They always look down
Too engrossed in their small worlds
They never look up
They always look down
Too engrossed in their small worlds
They never look up
If it were not for the planets, where would civilization be today? For one, I doubt I would have this computer, and the electricity to power it. The people of this alternative 21st century would be waiting at least several hundred years more for those amenities.
The classical planets of the Sun, Moon, Mercury, Venus, Mars, Jupiter and Saturn are the exceptions in the sky. (And did you just notice that there are seven of them? Think of the days of the week.) There are clouds too, but for our ancestors those were easy to explain as both the chores and whims of the gods. The stars are fixed, as far as the unaided can see. But those crazy planets break the rules, making the geocentric universe difficult to explain.
(Uranus was out there too, but likely went unnoticed until Sir William Herschel came along as nothing but an insignificant, dim star, moving too slowly for anyone to appreciate.)
The Sun and Moon are fairly easy as well. Though they wobble in the sky throughout the year, nothing is perfect, right? The point being their motions are very easy to predict, day after day, month after month, and year after year.
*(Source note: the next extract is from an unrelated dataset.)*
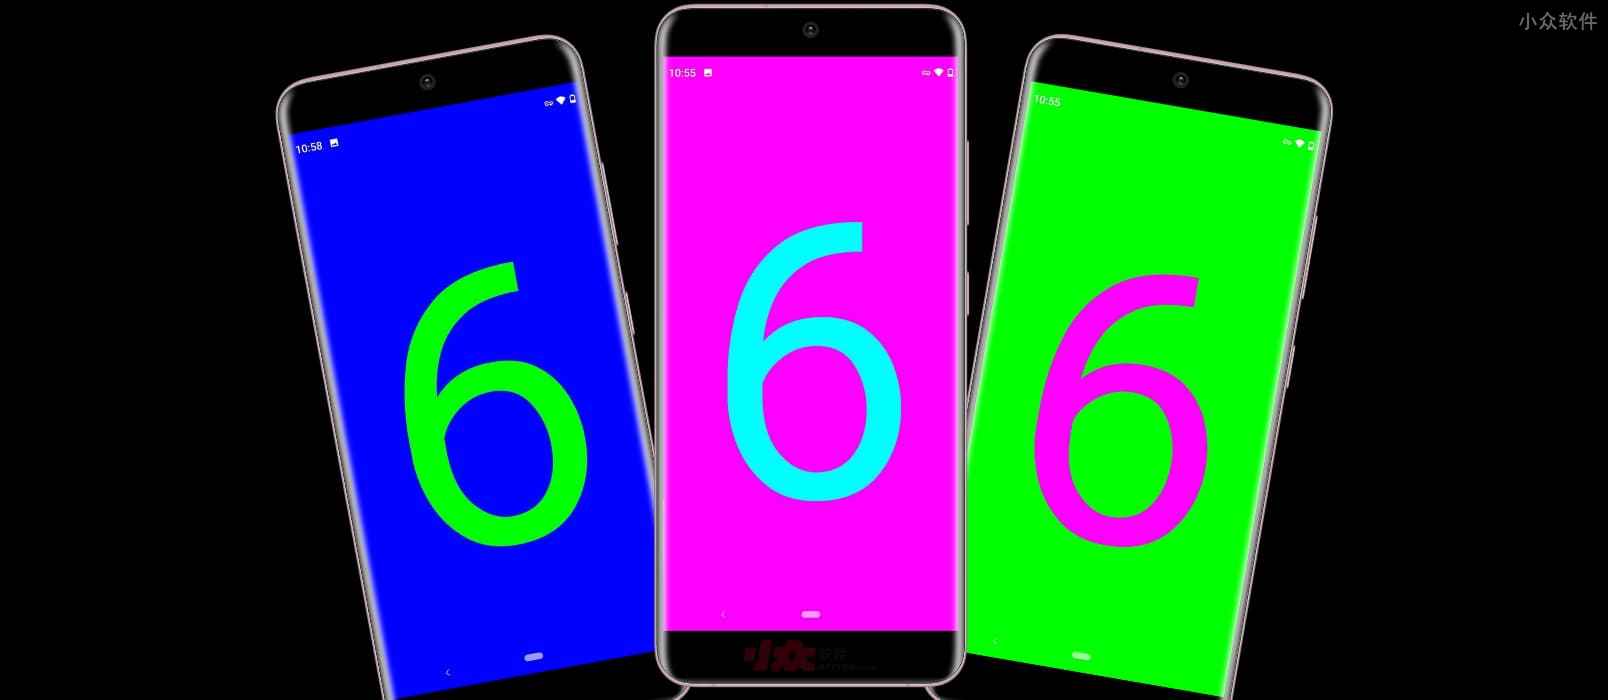 6 - Android 手机史上最 6 的应用

Then there are the visible planets, the real planets of Mercury, Venus, Mars, Jupiter, and Saturn. If not for these, there may never have been any questioning of the order of our solar system, or our place in it. Scientific advancements took off, in the context of the arc of history, once people accepted that the Earth revolved around the Sun. For if we did not have these planetary exceptions in the sky, would there ever have been the intellectual curiosity to question?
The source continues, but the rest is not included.